Error: Failed to create worktree
  • Docker workers clone repos automatically at startup — if worktree creation fails, check network connectivity, GitHub App auth, and available disk space in the container
  • Native mode: ensure the target repo is cloned and accessible at the path in workspace.repo_dir
  • Check that the worktrees directory has sufficient disk space
  • Run git worktree prune in the target repo to clean up stale worktree references (native mode only)
✗ worker (port 9200) — unhealthy (HTTP 000)
  • Verify the service is running: docker compose ps (Docker) or npx colony status (native)
  • For Apple Container: ./scripts/colony-container.sh ps or container ls
  • Check that health port in config matches the port the service is actually listening on (sprint-master: 9100, worker: 9200+, monitor: 9106, webhook-receiver: 9800)
  • Review service logs for startup errors
Error: claude command not found
  • Verify installation: which claude
  • If using Docker, the image installs @anthropic-ai/claude-code globally during build. Rebuild if the CLI was added after your last build: docker compose build --no-cache
  • For native, install globally: npm install -g @anthropic-ai/claude-code
Error: EACCES: permission denied
  • PEM file: chmod 600 ~/.colony/keys/github-app.pem
  • Workspaces directory: ensure the user running Colony owns ~/.colony/workspaces/
  • Docker: the Node.js process runs as root in the container. If mounting a host directory for workspaces instead of using the named volume, ensure it is writable by UID 0

Issues stuck in in-development after restart

Section titled “Issues stuck in in-development after restart”
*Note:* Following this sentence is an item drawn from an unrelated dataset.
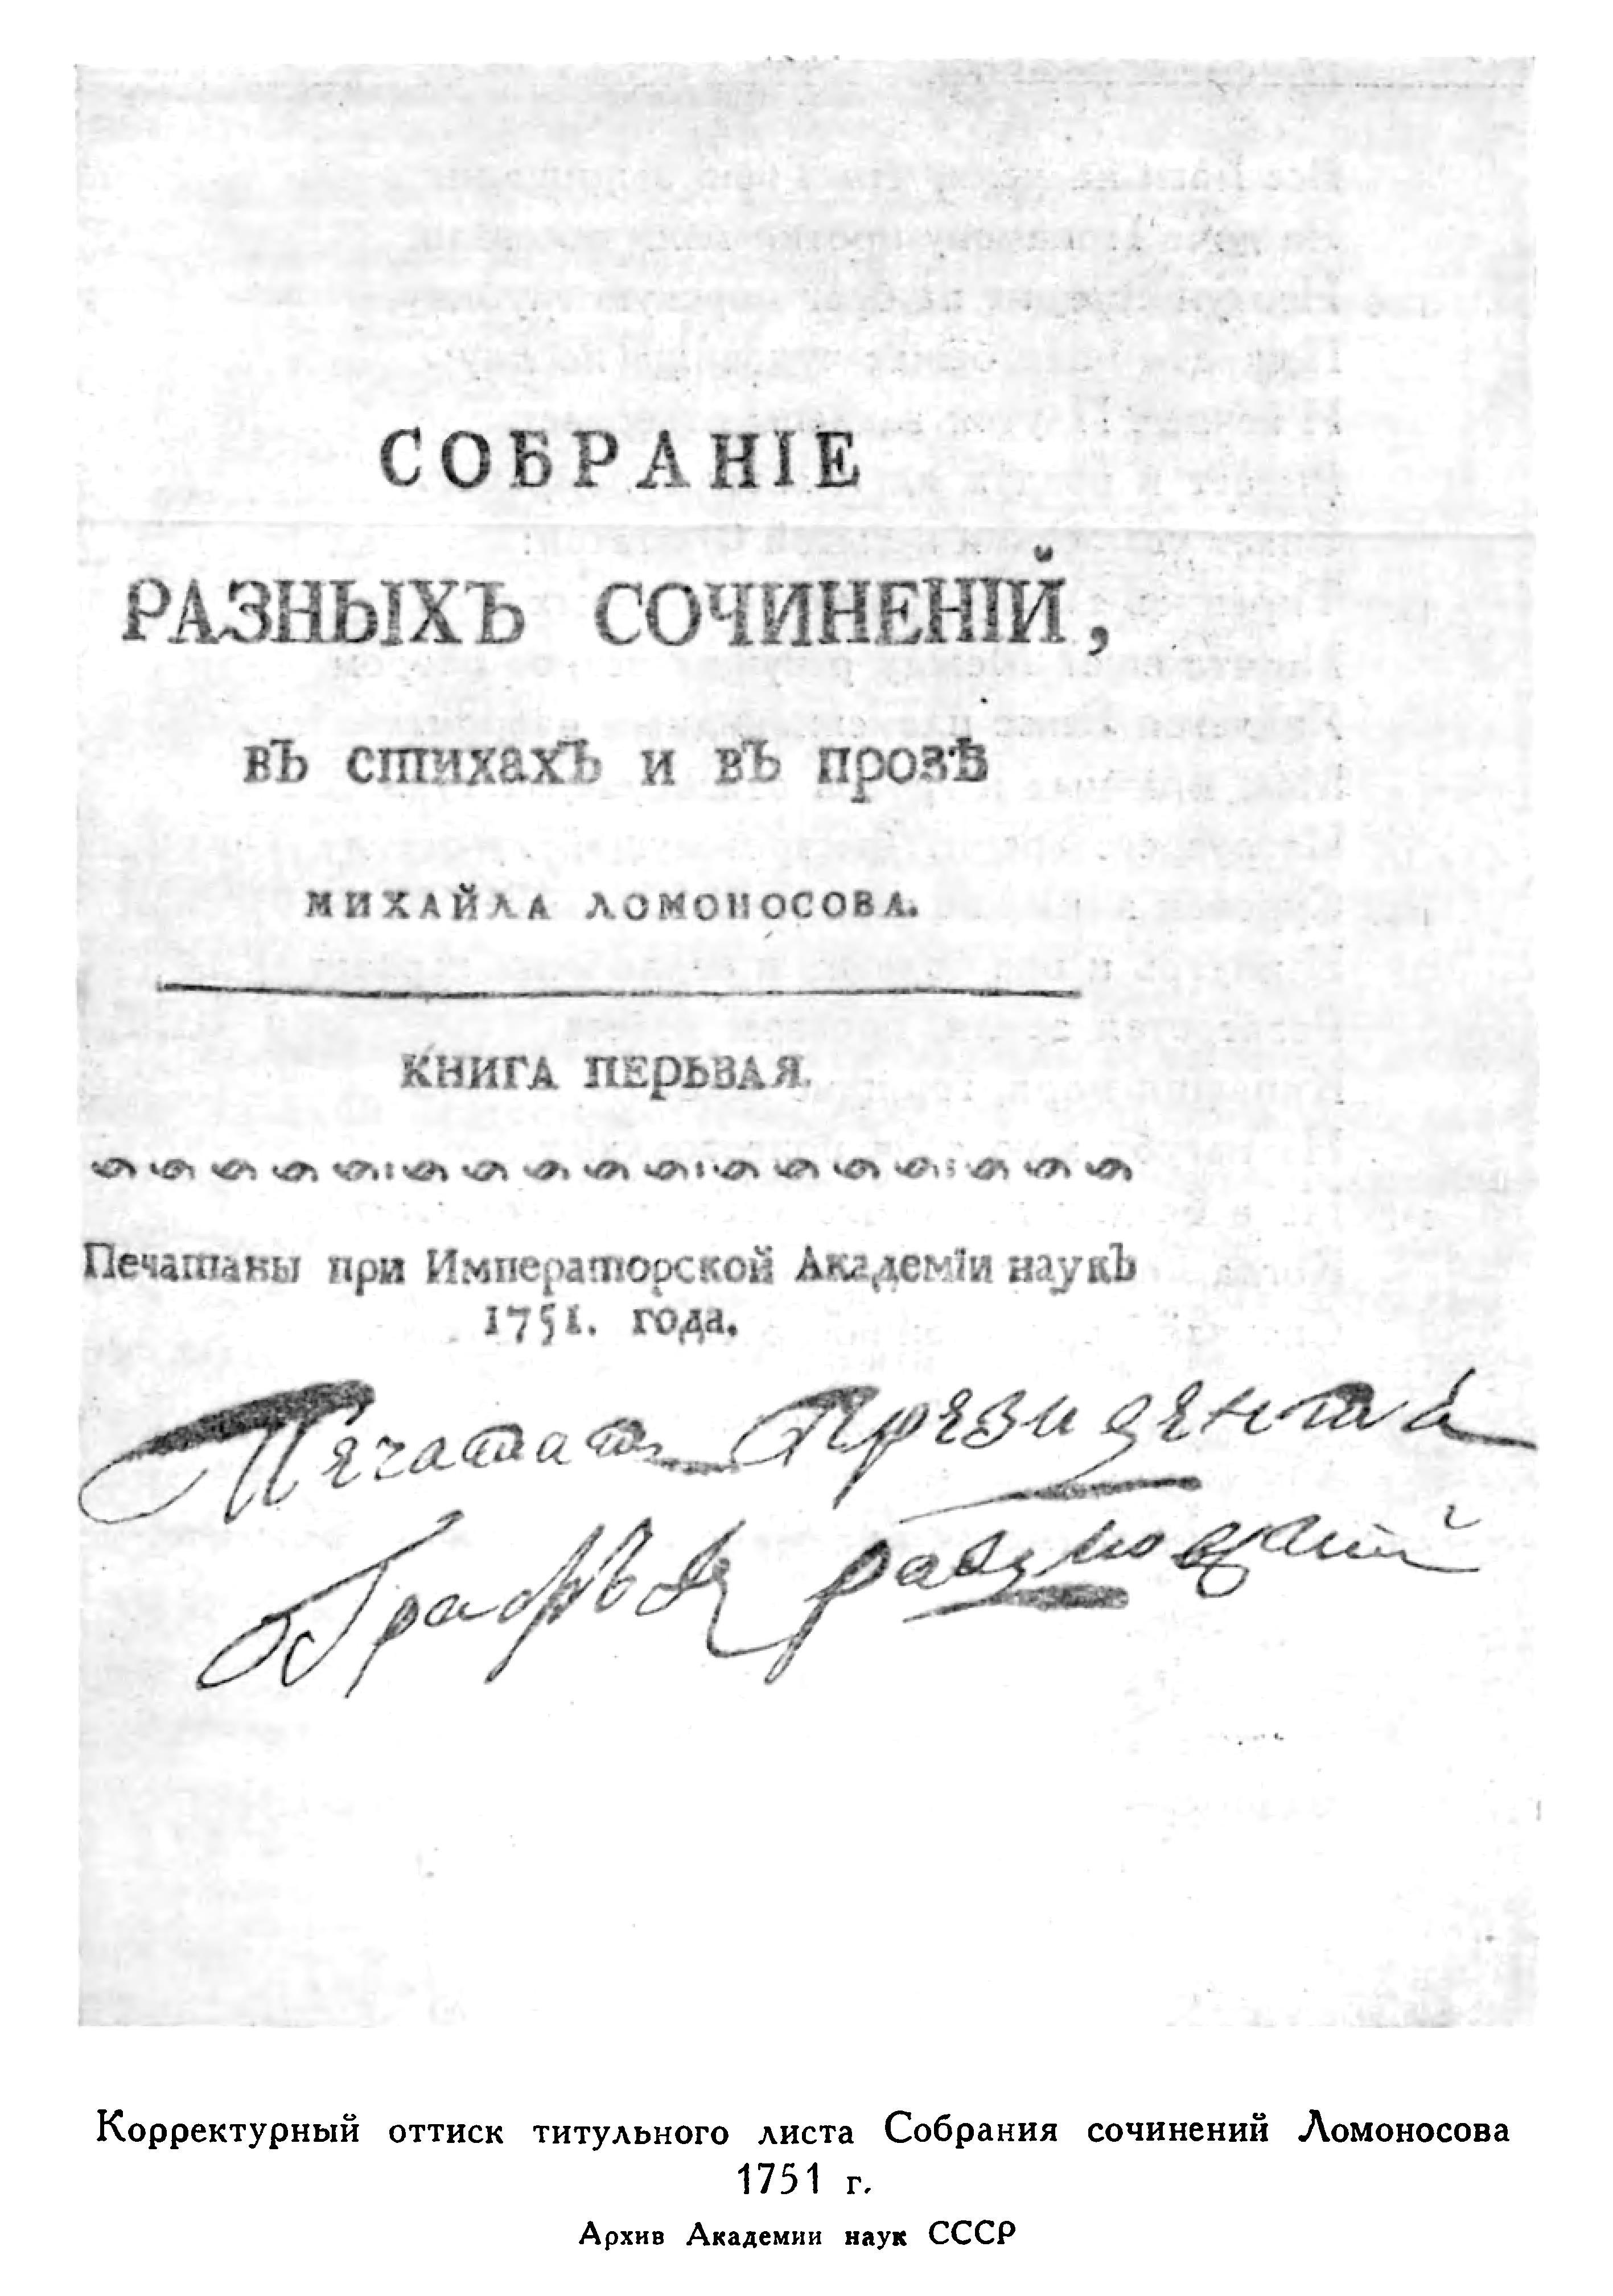 M.V.Lomonosov._Polnoe_sobranie_sochineniy._Tom_8._Poeziya._Oratorskaya_proza._Nadpisi._1732-1764_gg. Титульный лист

Workers use a Postgres task queue, not label polling. If a worker crashes mid-task, the task remains in claimed status. On startup, workers reclaim stale tasks automatically (threshold: 10 minutes). The monitor agent also periodically reclaims stale tasks. If an issue remains stuck, check:

  • work_tasks table for orphaned claimed tasks
  • Worker logs for repeated failures on the same issue
  • The monitor dashboard for self-healing activity

When countReviewCycles exceeds max_review_cycles, the Developer blocks immediately before doing any work. Relabeling to changes-requested just re-triggers the block. To advance a stuck issue manually, relabel directly to in-review and let the Reviewer assess the PR as-is.